BİR AHLAK ABİDESİ: KUTUZ HOCA

 

Portreler vadisinde İsmail Kara hocanın varlık sebebi olan anne ve babası ile ilgili duygu yoğunluğu fazla olan metinler yer alıyor. Aynı zamanda kendisinin hafızlık hocası olan Kutuz Hoca yani Hafız Mehmet Kara’nın aslında bir imam, hafızlık hocasından çok öte işini ciddiye alan bir ahlak abidesi. Zira mecburiyet olmadıkça senelik izin kullanmayan (kullanırsa maaşının tamamını yerine bıraktığı vekil imama veren), hafızlık talebelerine yaz tatili için müsaade etmeyen (zira izine giden talebenin psikolojisi ve disiplini altüst olmaktadır), emeklilik tazminatını şüpheli gördüğü için kabul etmeyen, hayatının merkezine maneviyat, helal lokma ve hizmeti (s. 111) almış bir kişidir Kutuz Hoca. 12 yaşında İsmail Kara, Rize İmam Hatip’e gitmek için gün saymaktadır. Küçük yaramazlıkları ile birlikte disiplinli ve zor bir süreçte hafızlığını tamamlayan İsmail Kara’nın Rize’ye gidebileceğine inanamayan annesi “bu uşak bu köyden çıkarsa üç gün oruç tutacağım” demiştir. Nihayet köyden çıkış gerçeklemiş baba Hafız Mehmet Kara’nın nezaretinde İsmail Kara Rize İmam Hatip’e gelmiş ve babası tarafından teslim edilmiştir. Bu safhadan sonra “çocukluğumun birinci evresi tamamen kapandı” diyen İsmail Kara, babasının kendisini bırakıp gittikten sonra yaşadığı hâleti “babamı vefatına kadar en büyük özleyişim muhtemelen budur” sözleri ile ifade ediyor. Anne-Baba duası ile çıkılan ilim yolunda özellikle İstanbul İmam Hatip’e gelişle başlayan süreçte kültürün menbaı olan isim ve muhitlerden nasiplenme imkânını bulan İsmail Kara Hocanın dikkati, samimiyeti, itidalli bakışı sayesindedir ki yakın tarihte yaşamış pek çok isme dair tarih, yer, zaman kayıtlı bilgilere ulaşabiliyoruz.
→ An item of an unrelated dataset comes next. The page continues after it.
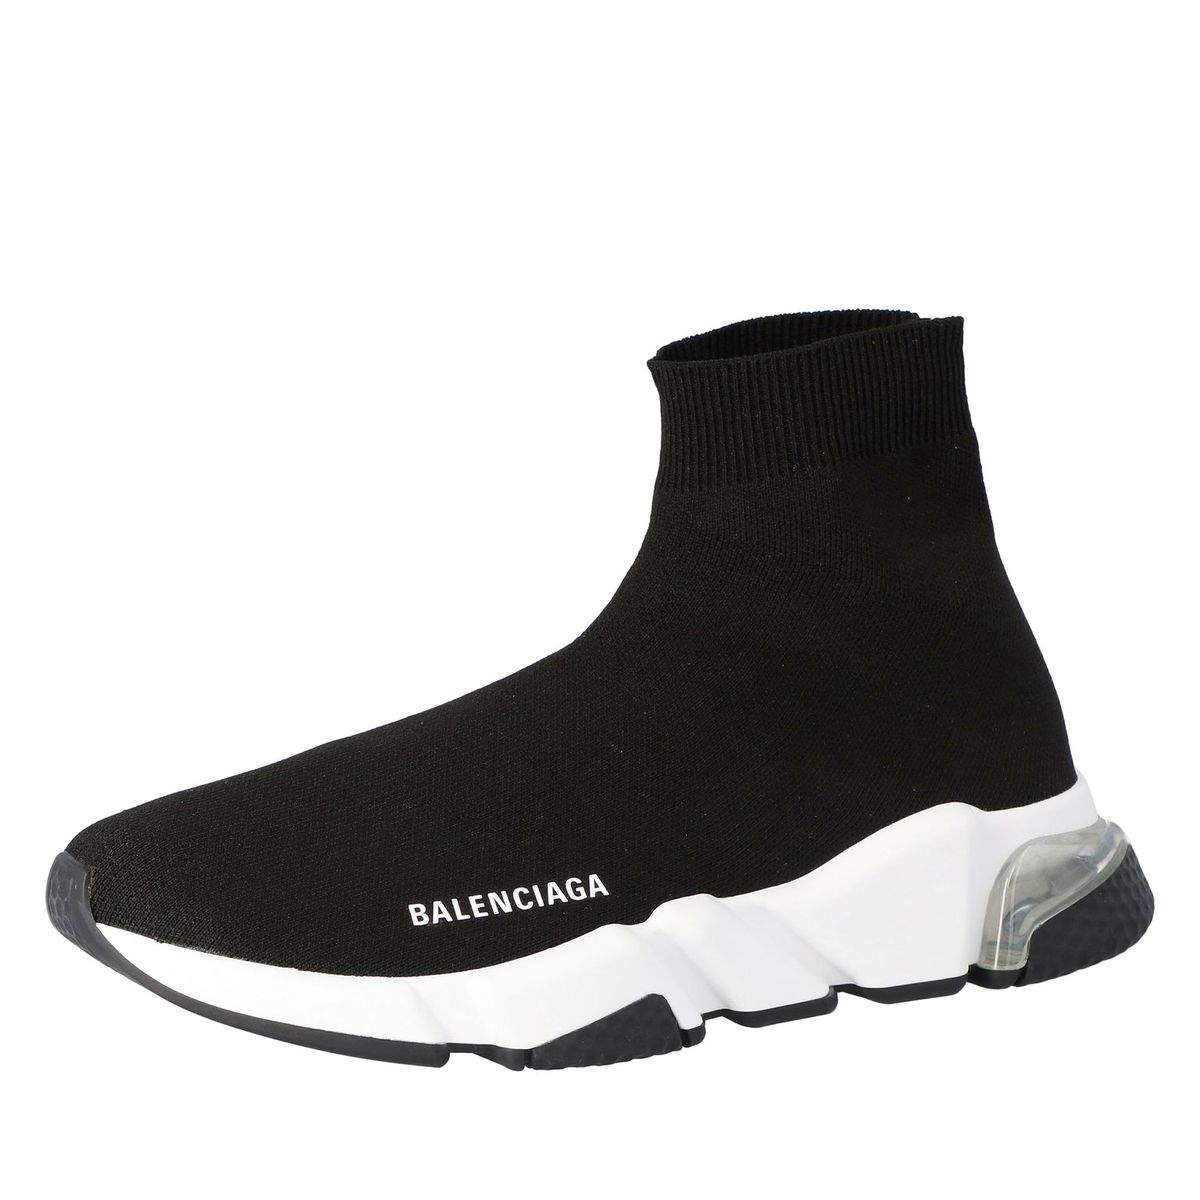 Balenciaga Black Knit Speed Clear Sole Sneakers Size 36 Balenciaga

CANSEVER VE ELMALILI’NIN TANIŞMASI

Bu manada kitaba giren isimlerden birisi Dünyayı Güzelleştirme İhtirası başlığı ile rahmetli bilge mimar Turgut Cansever’dir. 1989’da bir dergideki mülakatıyla kendisini tanıdığında Cansever’in yaşı 70’tir. 1991’de Dergâh dergisinin yeni çıktığı arefede Mustafa Kutlu ve Sefa Kaplan ile birlikte orta sayfa söyleşisi gerçekleştirmek üzere yanına giderler. İlişkiler gittikçe kuvvetlenip, derinleşmektedir. 2003 yılında Beşir Ayvazoğlu ve Salih Pulcu ile birlikte Turgut Cansever kitabını olgunlaştırmak üzere yapılan ziyarette İsmail Kara Hocanın aldığı not ilginçtir. Zira konu Elmalılı Hamdi Efendi ile Turgut Cansever’in tanışmasıdır. “Galatasaray Lisesi’nde son sınıftayız. Sonradan üniversite hocası ve Hariciye Vekili olacak Turan Güneş sınıf arkadaşım. Bir hafta sonu bize geldiğinde babama Arapça öğrenmek, ilahiyat tahsil etmek istediğini söyledi. Ben de farsça öğrenmek istiyorum. Babam Elmalılı Hamdi Efendi tanıştı, doktorluğunu da yapardı. Bu sayede Elmalılı tefsiri ciltleri evimize gelmiş, ben de bir yaz iki cildine bakmıştım. (…) Bir gün evlerine gittik. Turan’ı dikkatle dinledi. “Arapça öğretecek müessese yok ama öğrenirsin” dedi ve devam etti: “Azmin elinden bir şey kurtulmaz. Napolyon Rusya seferinden önce 40 günde Rusça öğrenmiş, fethedeceğim memleketin lisanını bilmeliyim, diye düşünüyormuş. Ben bunu okuduğumda Avrupa Tarihi ile meşguldüm. Acaba ben de 40 günde bunu yapabilir, Fransızca öğrenebilir miyim, dedim ve 40 günden sonra da Berkson’un bir eserini Fransızca’sından okuyacak hâle geldim…”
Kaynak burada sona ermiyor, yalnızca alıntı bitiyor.